Problems encountered

For the first time, set the width of the page to 1700, and after successfully deploying on the Ubuntu docker server, an error will be reported, saying “Page crashed! (Page crashes)

When I reported this error, I was confused, because it is OK to run on the machine and the local environment is MAC OS. Normally, since I can start docker online, the error should not be related to the environment. Then I debutted various things and found the following situations:

  1. When capturing a simple page (no rendering of complex charts, etc.), no error will be reported, and the screenshot is successful;

  2. If you do not set the page size, use the default size, no error will be reported, and the screenshot is successful.

  3. After setting the size, no waiting for data loading, no delay, no error, screenshot success;

  4. Plus waiting delay, error will be reported, setting the size will be reported, screenshot failure.

Through the above phenomenon, the first thing that comes to mind is that the running memory of the online Docker is too small, but the MEMORY of 4G is already quite a lot. After upgrading to 8G memory, the error is still reported, so the reason for the small memory is excluded.

If the browser Tab page width is too large, Chrome will need too much performance to open the page and render the page, causing the Tab page to crash.

Holding the attitude of trying, adjust the page width to small, when the width is adjusted to 1200, plus the delay wait, the screenshot is successful, I was also confused at this time, WTF.

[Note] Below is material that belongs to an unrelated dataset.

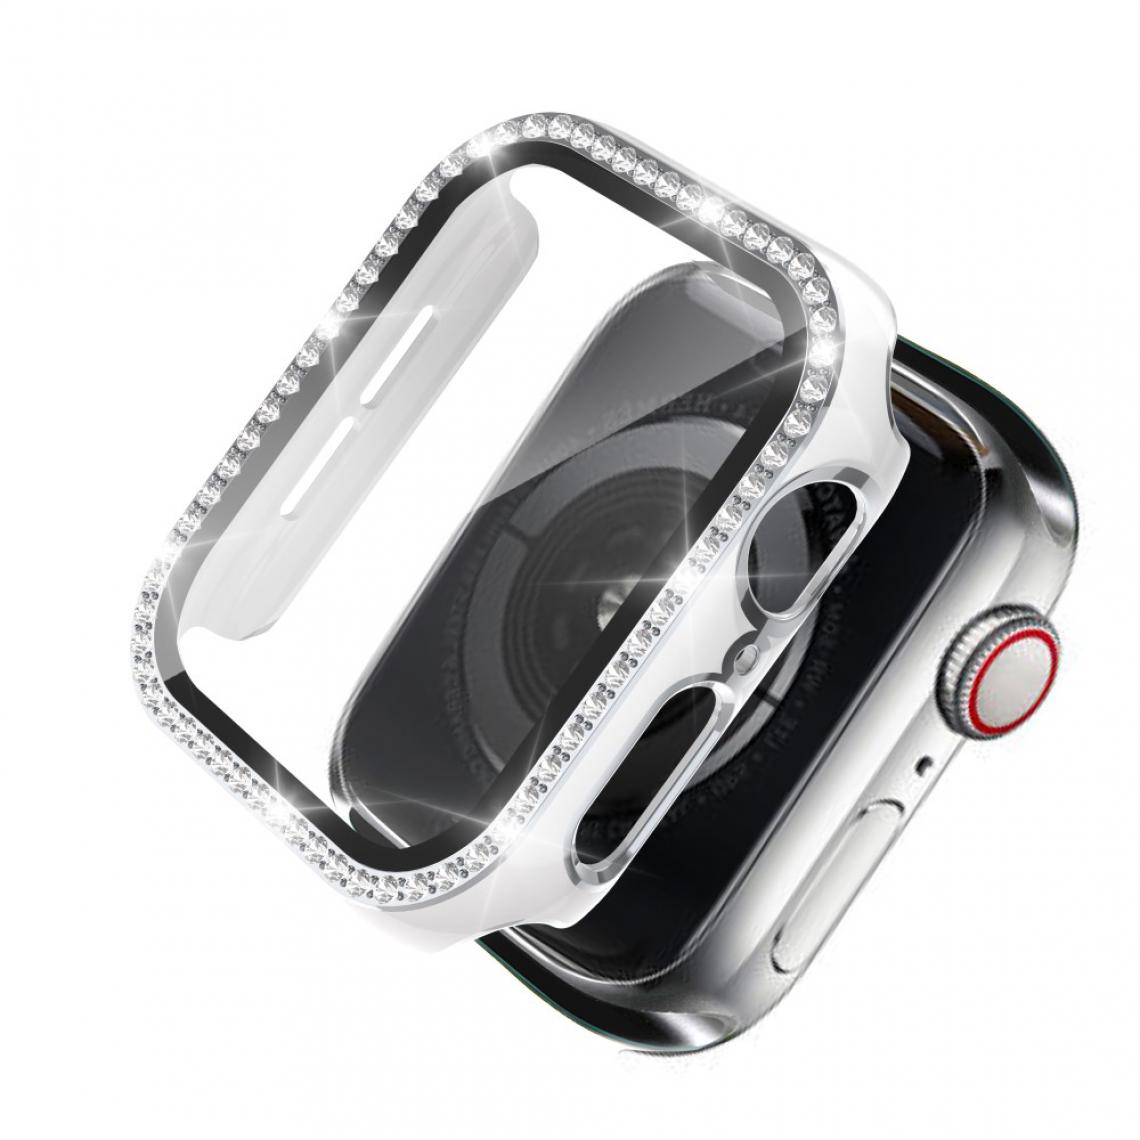 Other - Coque en TPU Strass en cristal de galvanoplastie bicolore blanc/argent pour votre Apple Watch 1/2/3 42mm - Accessoires bracelet connecté

However, there is still a certain probability of failure, almost one in ten probability of failure, and then, when the width is adjusted to 1000, basically no error, perfect screenshots every time.

conclusion

My experience with puppeteer has taught me that anything can go wrong, and when you are in doubt, consider all the possible causes, so that it may be easy to find the problem.

Ben thought it could not be the width problem, so he thought there might be something wrong with my writing method. He changed many ways, and finally he got into the horn and couldn’t get out. He wasted a lot of time.

Overall, Puppeteer is very powerful and is great for UI automation testing, as well as gadgets. Discover more scenarios for puppeteer, folks.